■ PROBLEM DETAILS: Repeat the span of the entries below that starts at the line with "Little blond little" and ends at the line with "Moderated by Danyelle", nothing more. Skip the pictures.

■ MATERIAL SUPPLIED:

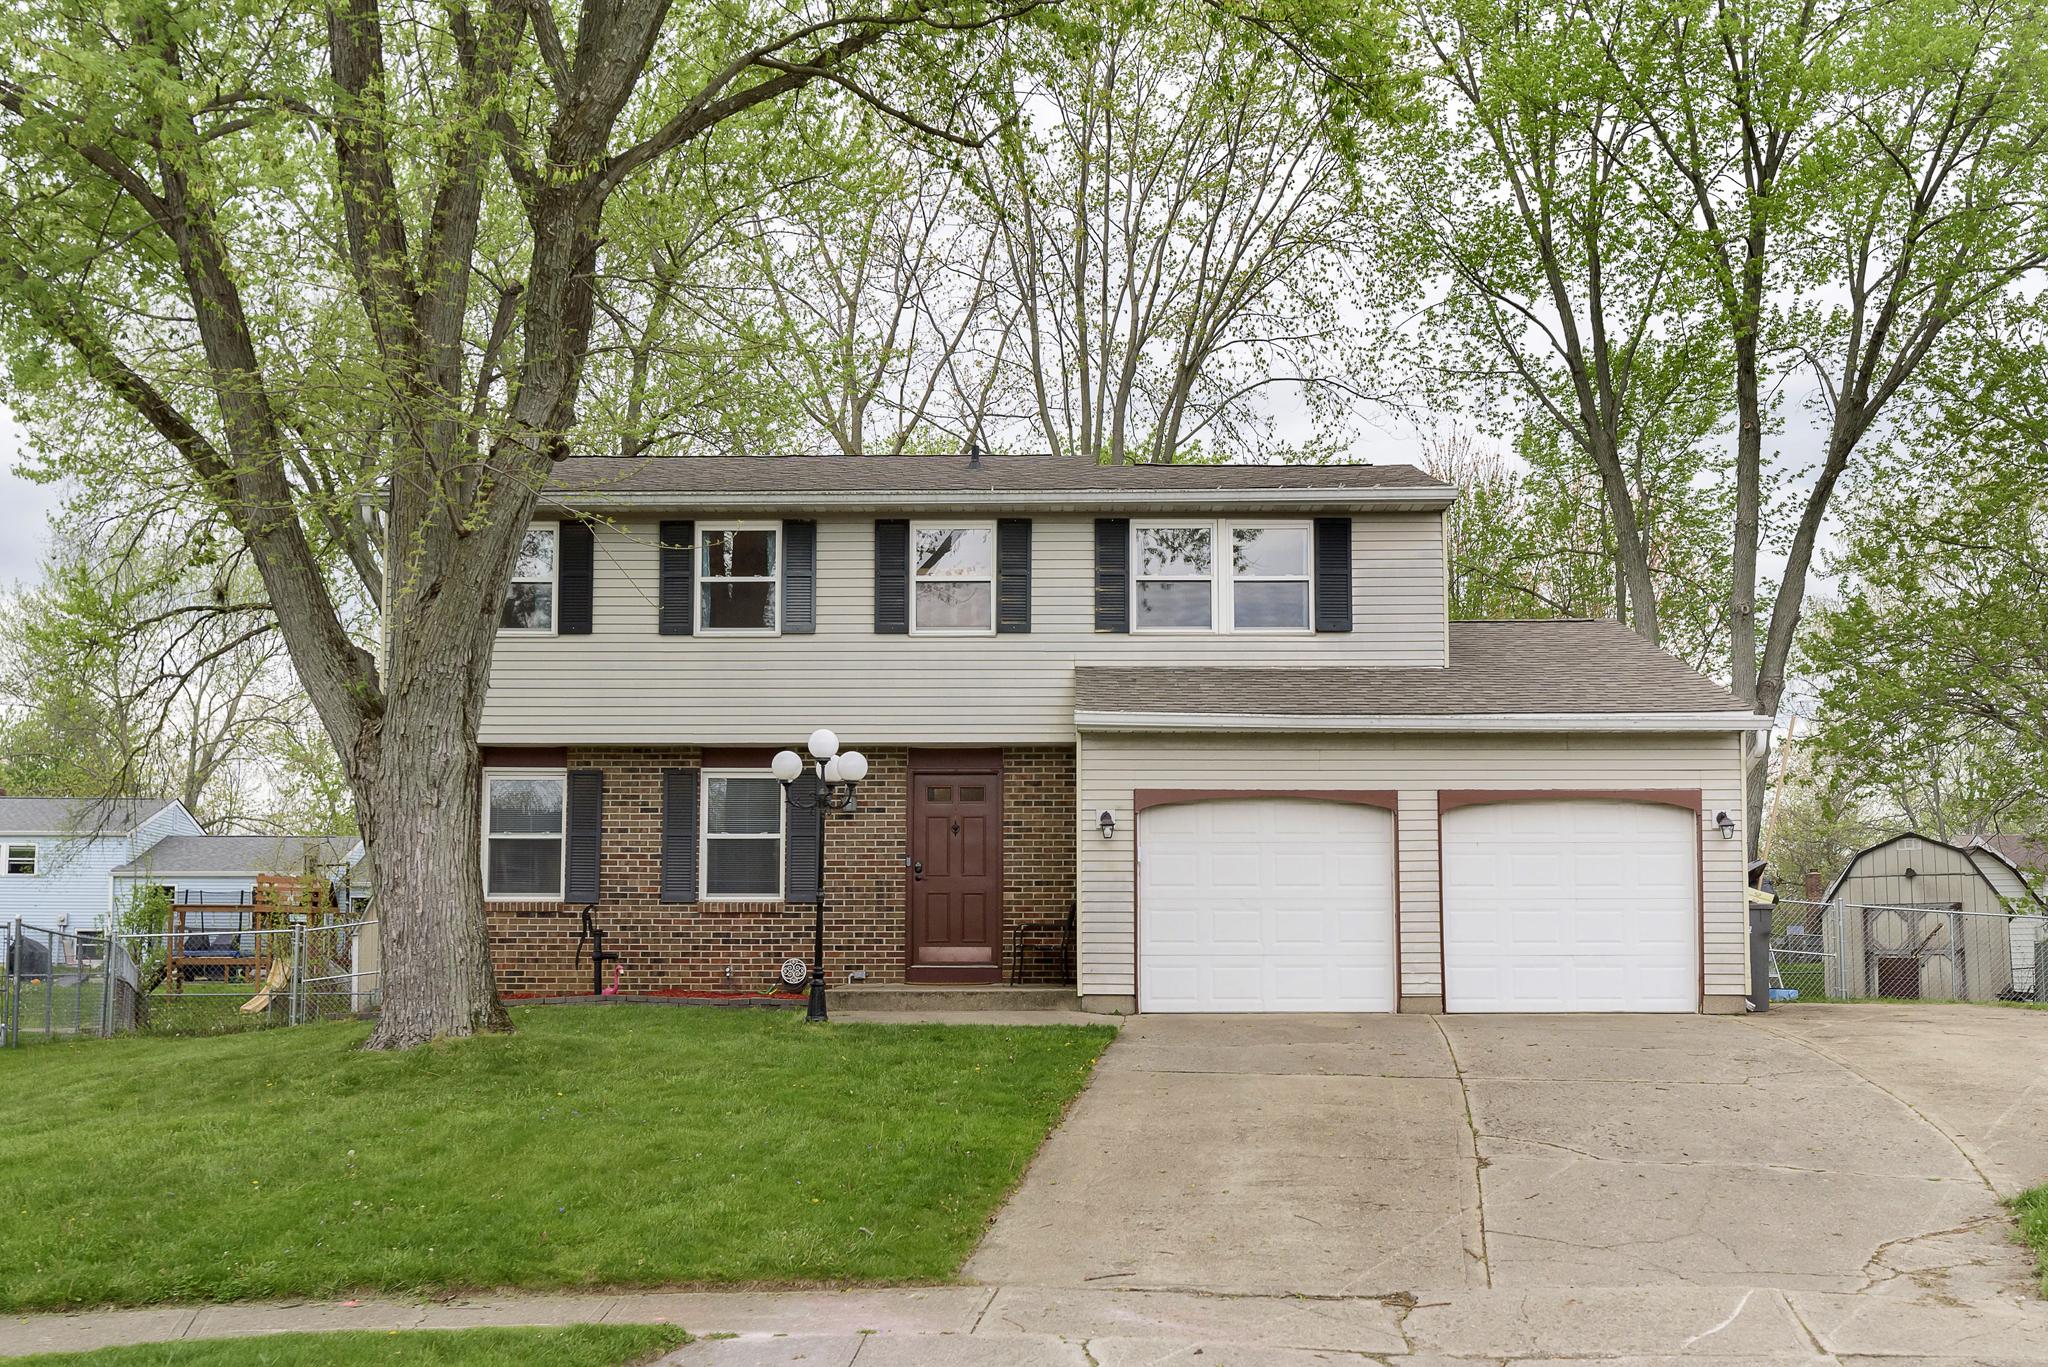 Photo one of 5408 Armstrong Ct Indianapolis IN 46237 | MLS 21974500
* * *
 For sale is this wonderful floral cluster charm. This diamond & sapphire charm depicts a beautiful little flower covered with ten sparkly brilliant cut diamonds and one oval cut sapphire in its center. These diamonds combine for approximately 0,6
==
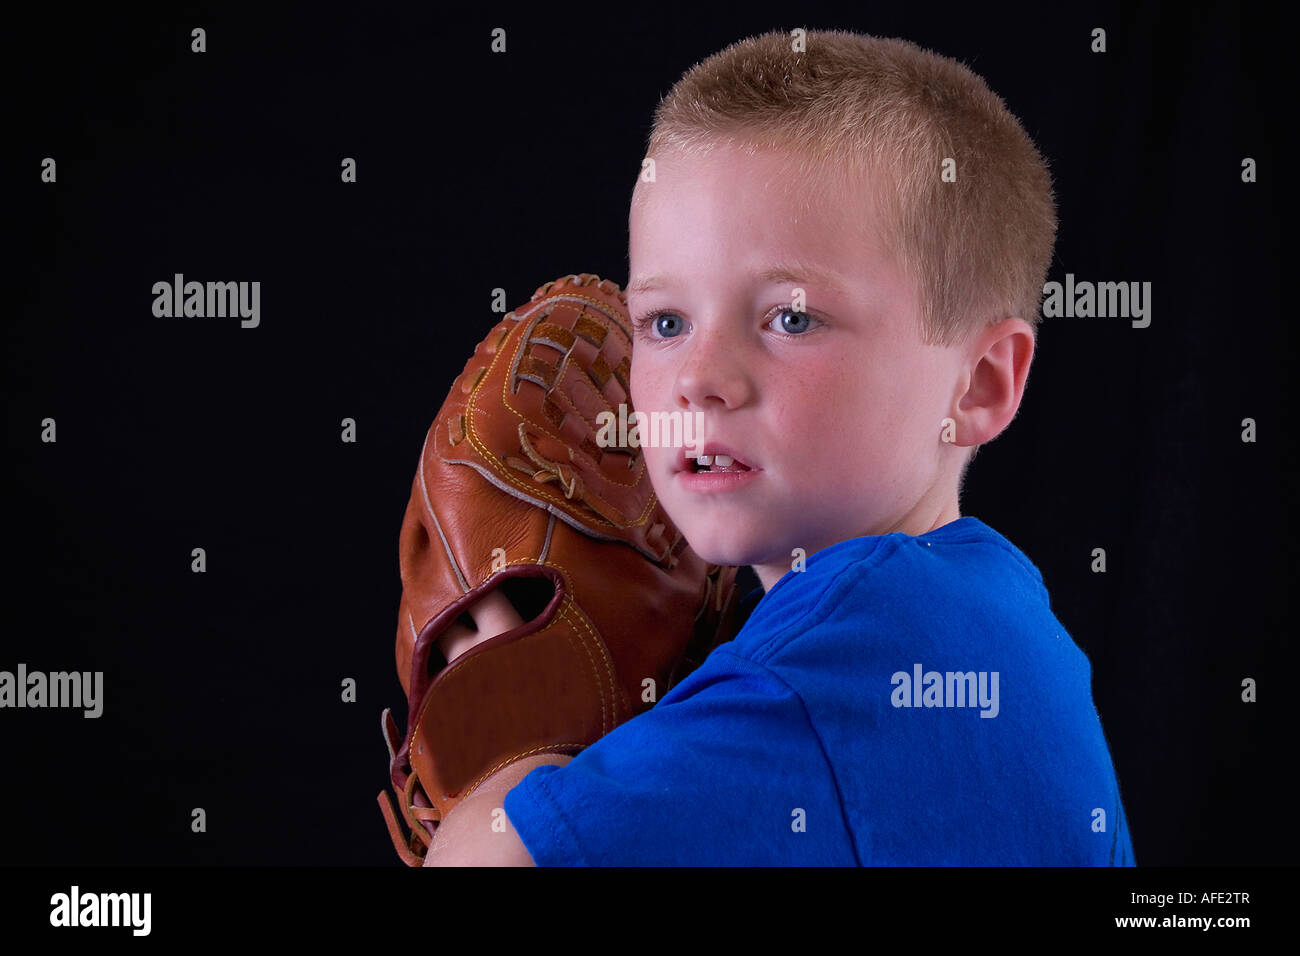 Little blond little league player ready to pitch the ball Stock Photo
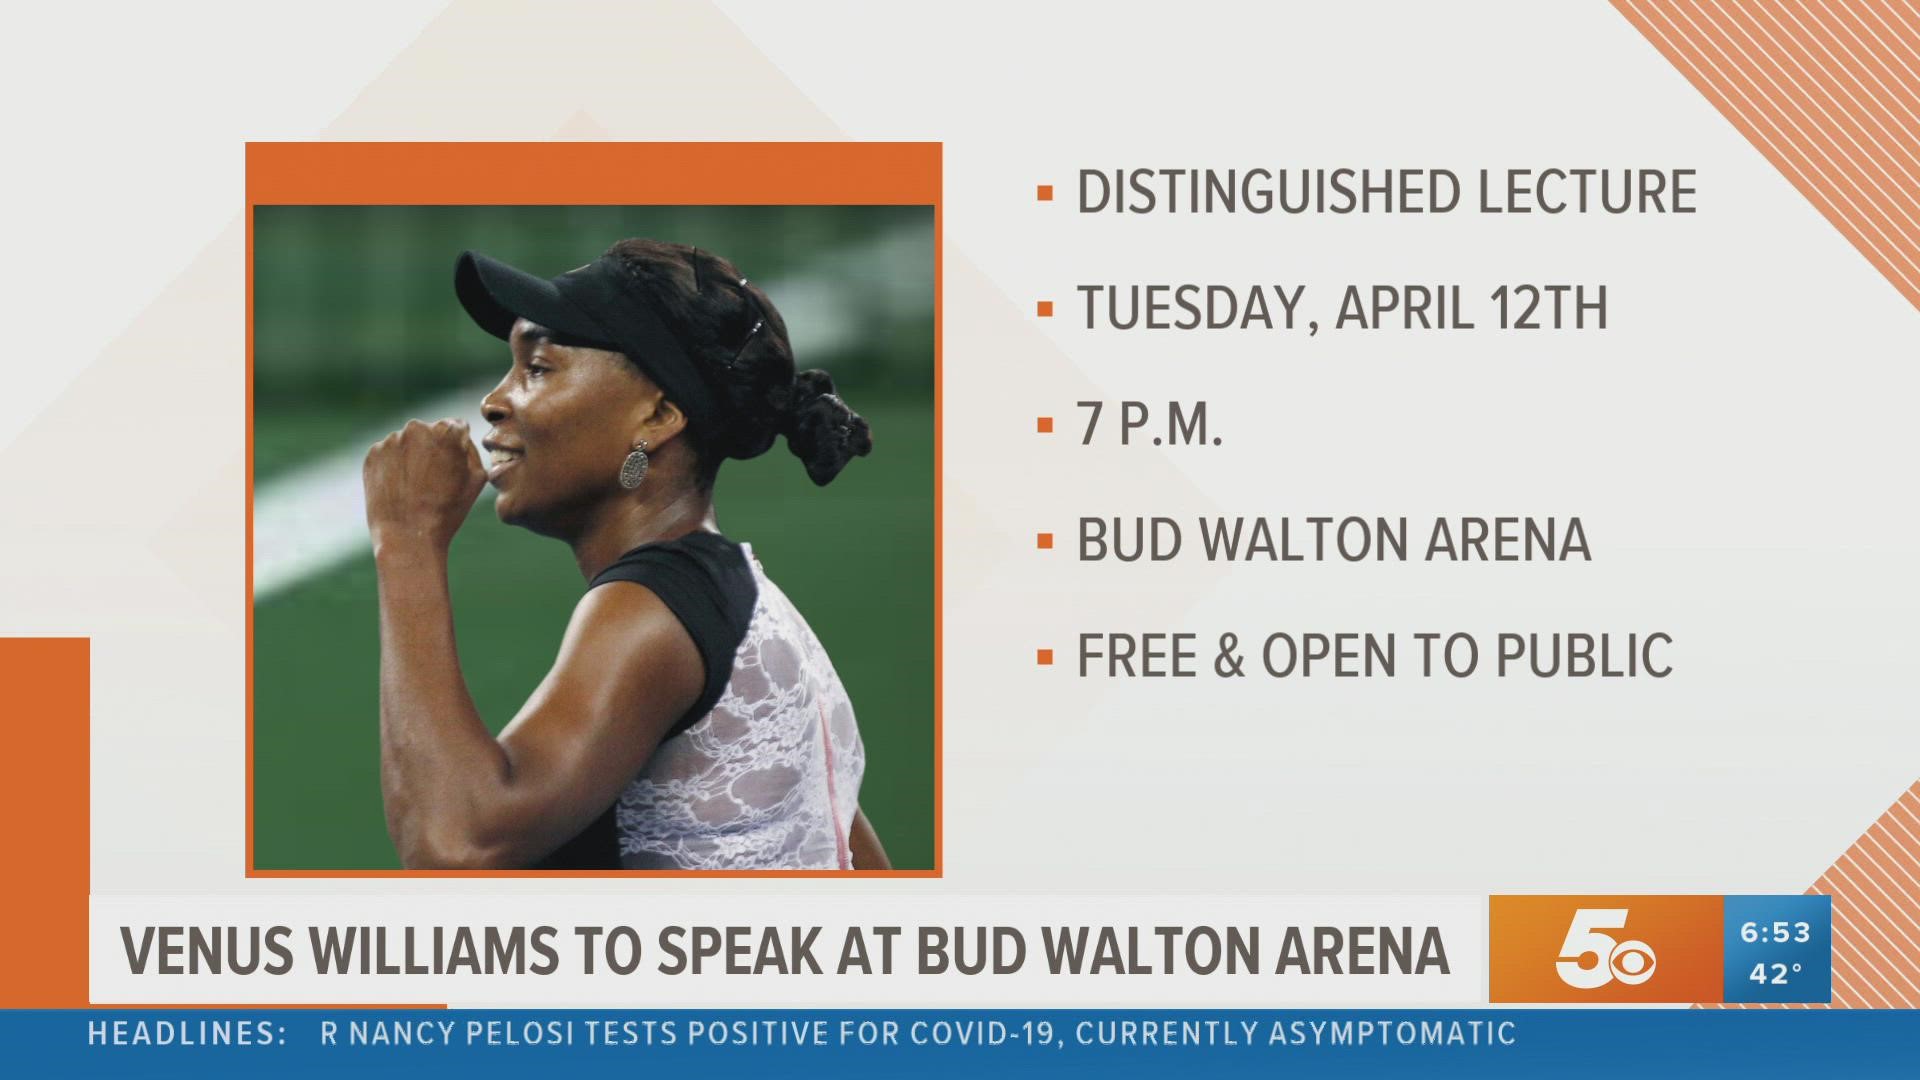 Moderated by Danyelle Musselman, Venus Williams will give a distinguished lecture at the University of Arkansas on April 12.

■ RESPONSE:
 Little blond little league player ready to pitch the ball Stock Photo
 Moderated by Danyelle Musselman, Venus Williams will give a distinguished lecture at the University of Arkansas on April 12.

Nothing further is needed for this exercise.